Według prokuratury, wynik tego badania jest jasny i prawidłowy, zamyka łańcuch poszlak i nie pozostawia wątpliwości, że to oskarżony był sprawcą tej zbrodni. Śledczy w apelacji zarzucają też sądowi pierwszej instancji, że bezkrytycznie uwierzył w wyjaśnienia oskarżonego, które ten w postępowaniu przygotowawczym i przed sądem zmieniał.
Obrona chce utrzymania wyroku; w jej ocenie po ponownym zbadaniu sprawy przez sąd pierwszej instancji jest jeszcze więcej wątpliwości co do sprawstwa oskarżonego.
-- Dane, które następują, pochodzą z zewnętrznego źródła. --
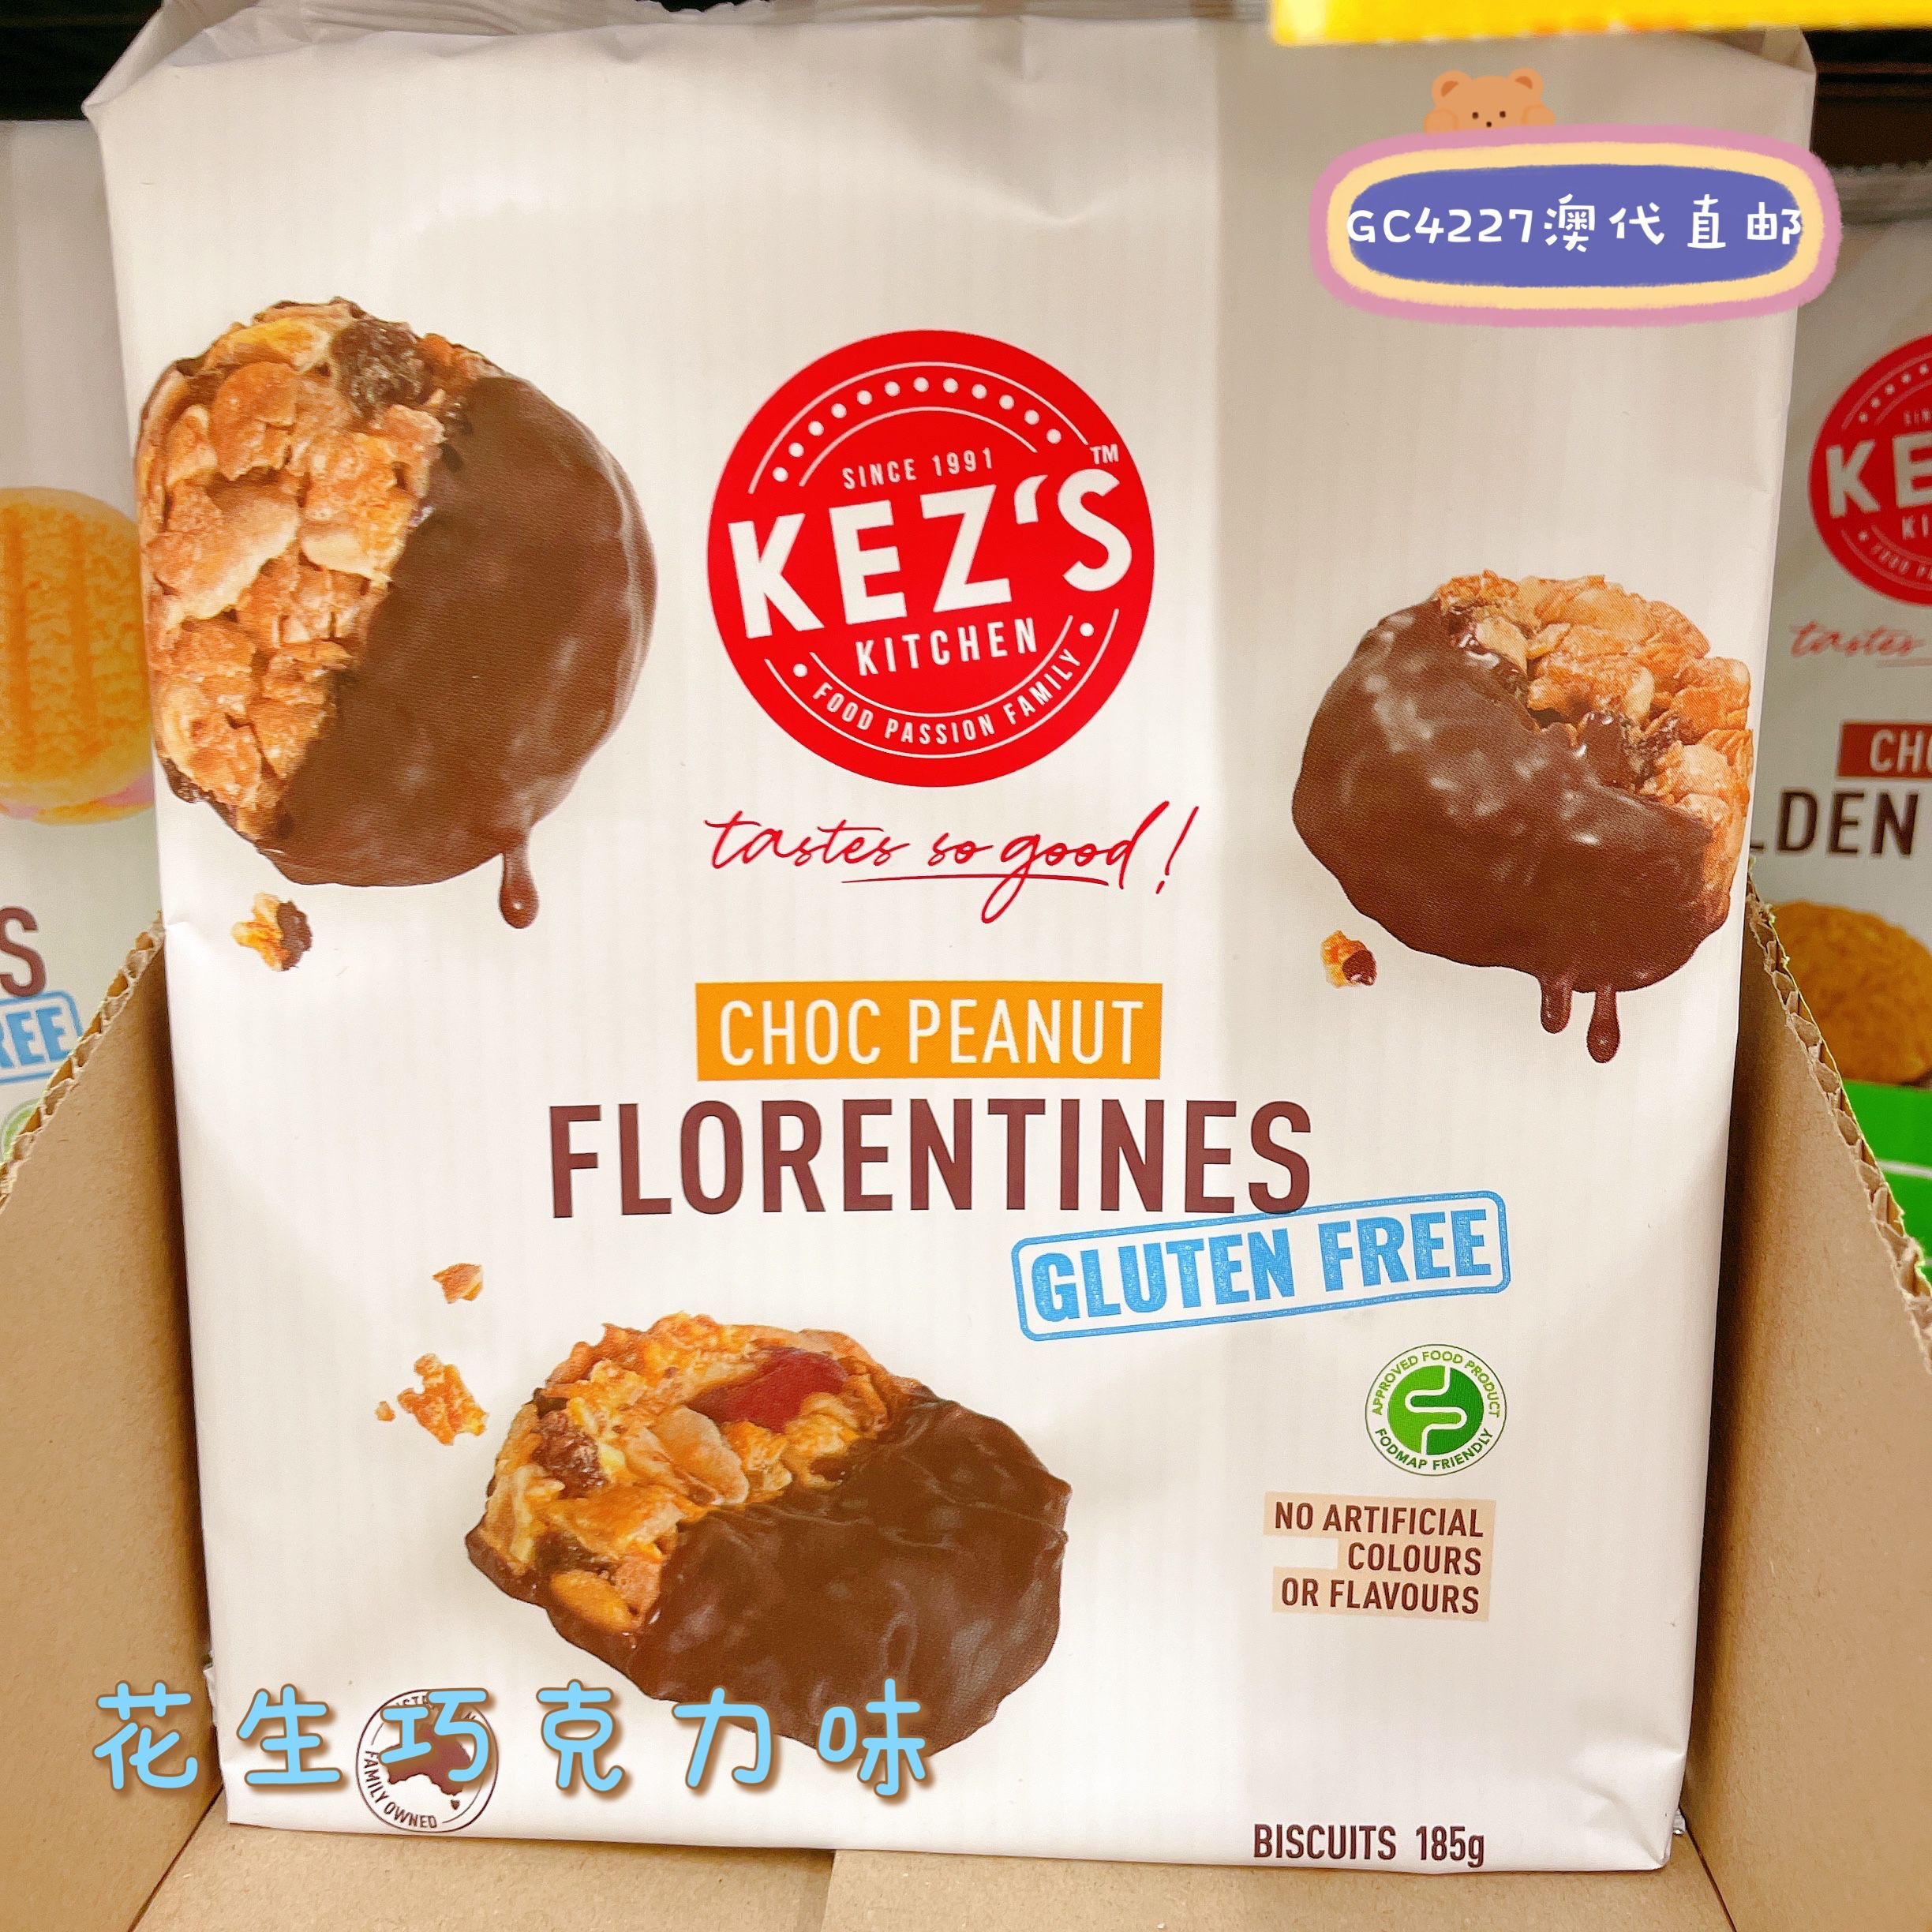 Gc4227澳洲代购直邮Kezs无麸质树莓巧克力奶油曲奇饼干无牛奶180g - 图2

Przywołuje ona opinię przygotowaną przez renomowany Instytut Ekspertyz Sądowych w Krakowie, którą zlecił sąd okręgowy po uchyleniu uniewinnienia w pierwszym procesie.
O ocenie obrony, opinia ta wskazuje na duże wątpliwości co do dokładności wyników. "Nie można wypowiedzieć się na tej podstawie, która z hipotez, tłumaczących obecność domieszki materiału (genetycznego) oskarżonego pod paznokciami denata, jest najbardziej prawdopodobna" - mówiła przed sądem mec. Wioleta Brzozowska.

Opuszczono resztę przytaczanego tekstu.